Acknowledging the gravity of the ethics charges, Ahn said in a statement that he would give up his nomination because he didn’t wish to become an “obstacle in the way of the Moon Jae-in government’s reform agenda.”

While the 69-year-old former head of the state-run human rights watchdog faced a number of ethical breach allegations, the most damning involved his signing of a marriage registration in 1975 and allegedly forging the official seal of the bride. A court nullified the marriage in 1976 after the woman reported the alleged forging.

The presidential office said it had not been aware of the 1975 incident until it was reported on Wednesday, raising questions about its vetting process.

The emeritus professor of law at Seoul National University apologized during the press briefing on Friday, saying he could not excuse his “wrong” and “shameful” behavior four decades ago. But he said he had no intention of walking away from the job - only to change his mind later.

He became the first ministerial nominee of the Moon government to give up a nomination under the kind of scrutiny that finds skeletons in closets going back decades. Moon is being criticized for rewarding past associates despite troubled pasts.

Ahn was a member of the legal team defending President Roh Moo-hyun in a 2004 impeachment trial at the Constitutional Court. Moon served Roh as his chief of staff. Ahn also has a long working relationship with Cho Kuk, senior presidential secretary for civil affairs, at the law studies department of SNU.

Vetting blunders could continue. Kim Sang-kon, tapped to lead the education ministry, is facing allegations of plagiarism of his master’s and doctoral theses. The Blue House touted Kim as the perfect candidate to fix educational problems, but it’s also true that he has a deep relationship with the president.

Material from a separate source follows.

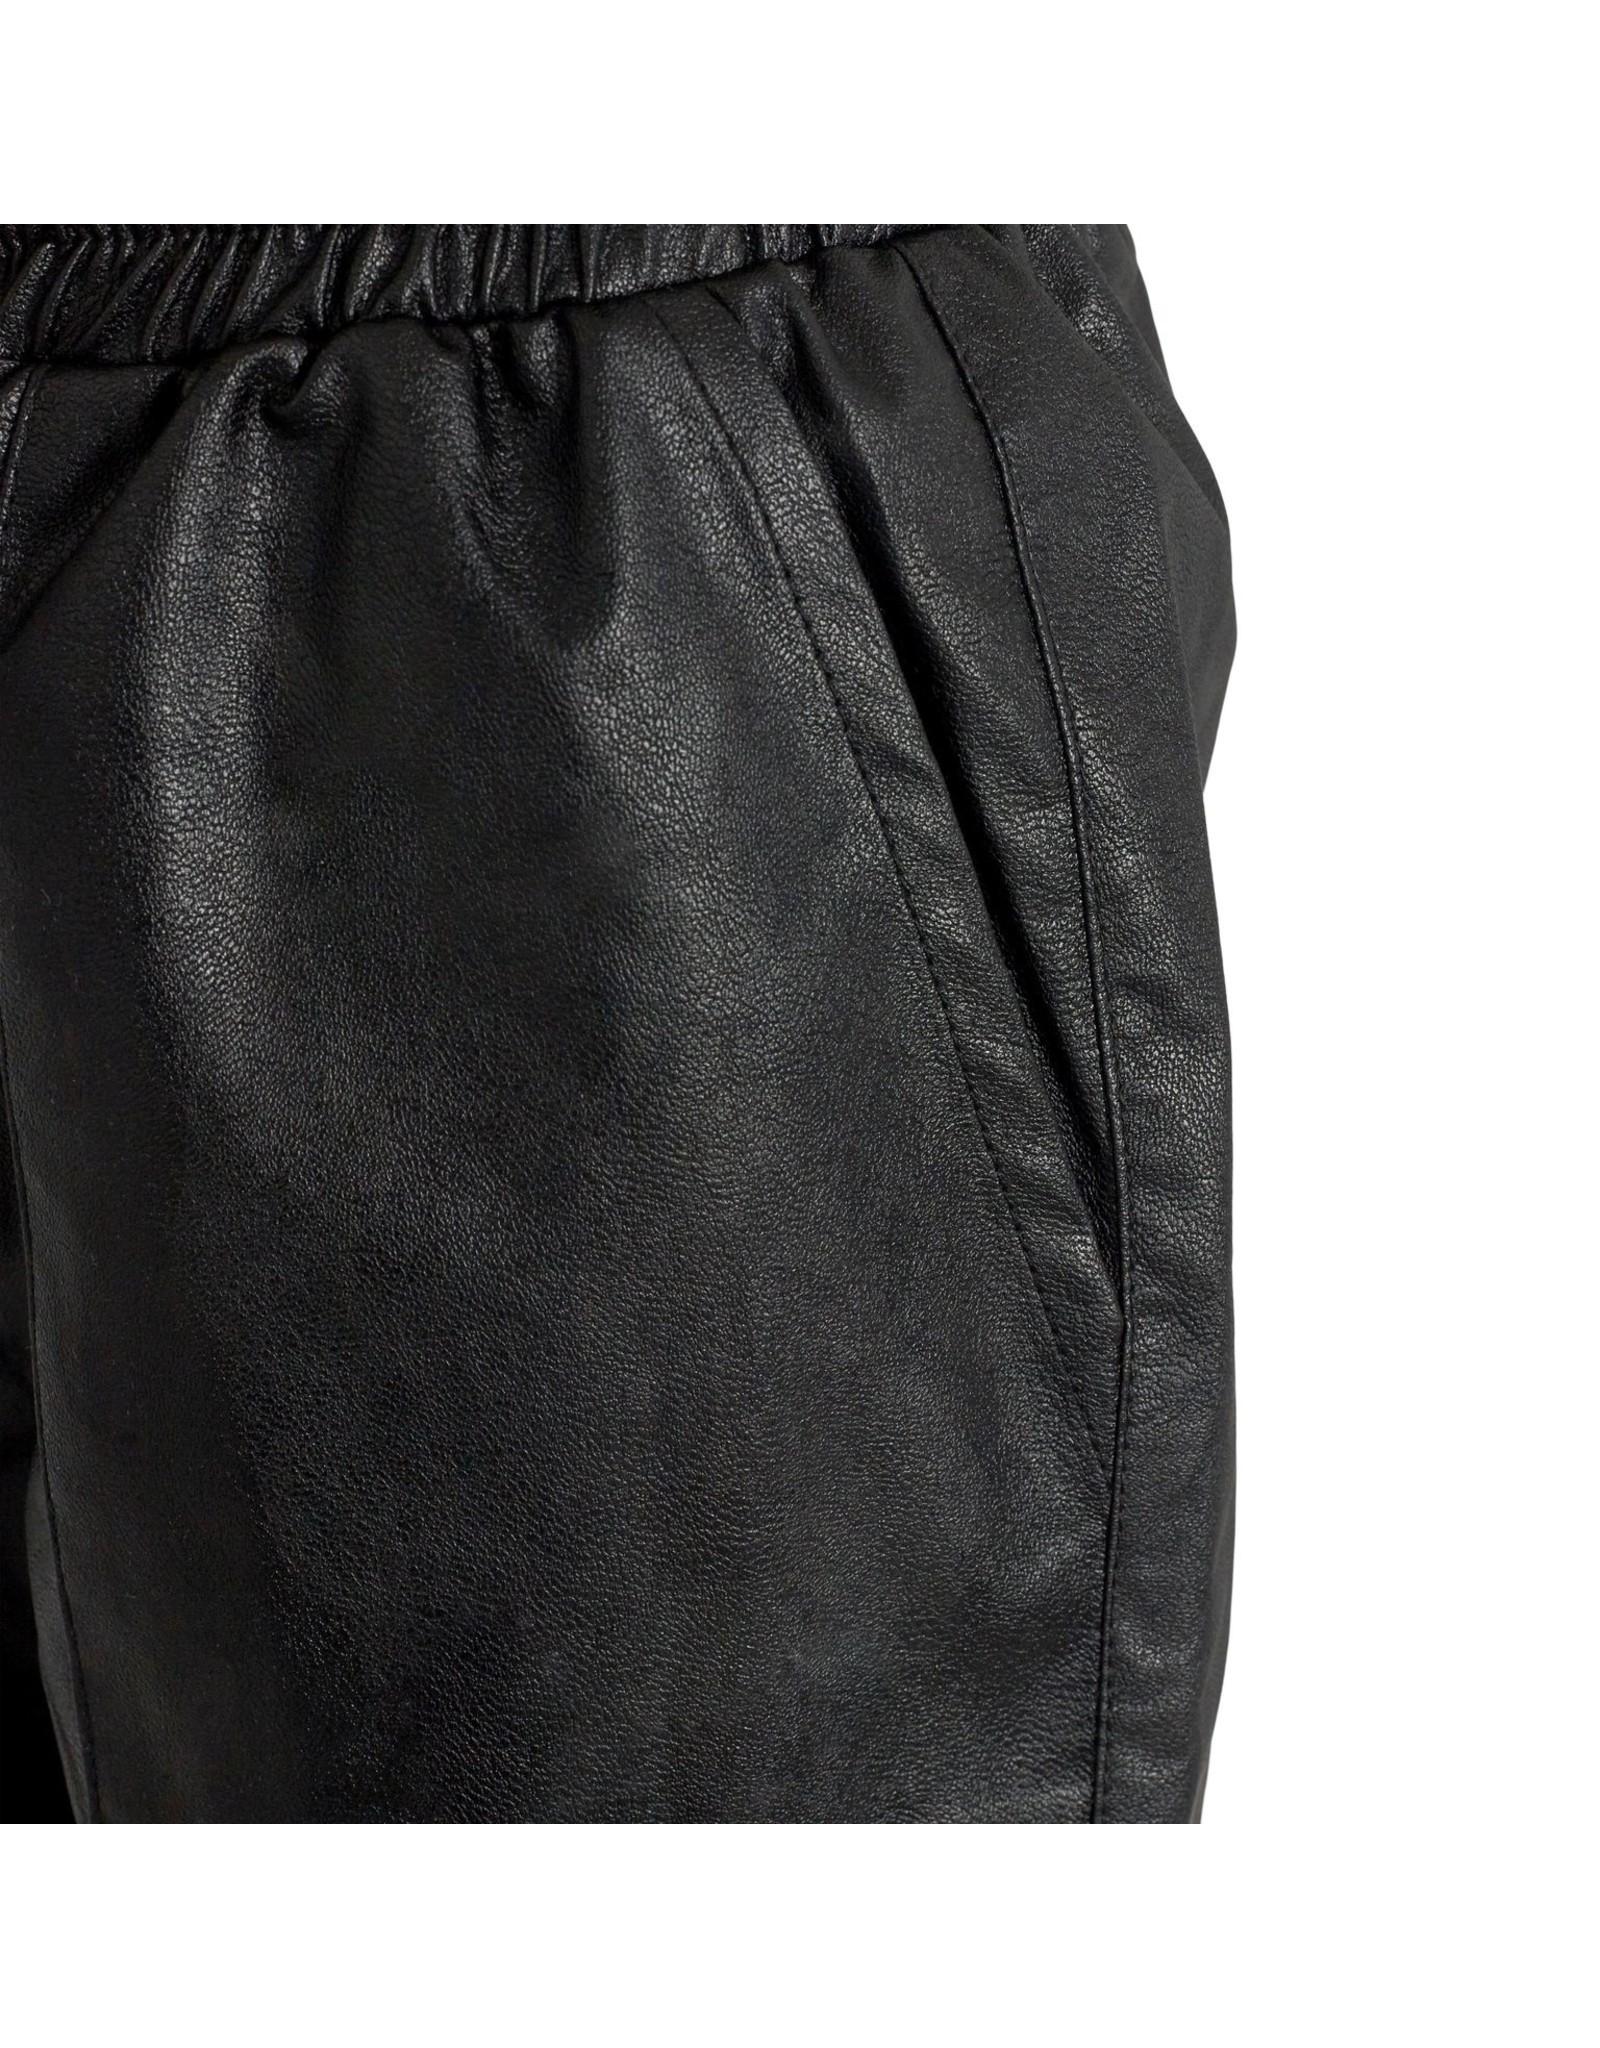 Petit by Sofie Schnoor Leather look pants

Kim was co-chairman of Moon’s campaign. In 2015, Kim was tapped by Moon, Democratic Party chairman at the time, as the party’s reform committee chief. Kim’s set of proposals aimed at reforming the party drew an immediate backlash from party lawmakers not aligned with the pro-Moon faction, especially from Ahn Cheol-soo. The protest led to mass defections and the creation of the People’s Party co-founded by Ahn.

The opposition is also intent on challenging employment and labor minister nominee Cho Dae-yop in a confirmation hearing this week. Cho is under fire for a driving-under-the-influence fine 10 years ago. Cho, a Korea University professor known for his labor policy studies, was a member of Moon’s inner policy advisory group, Simcheonhoi, that helped him with policy issues between 2013 and 2017.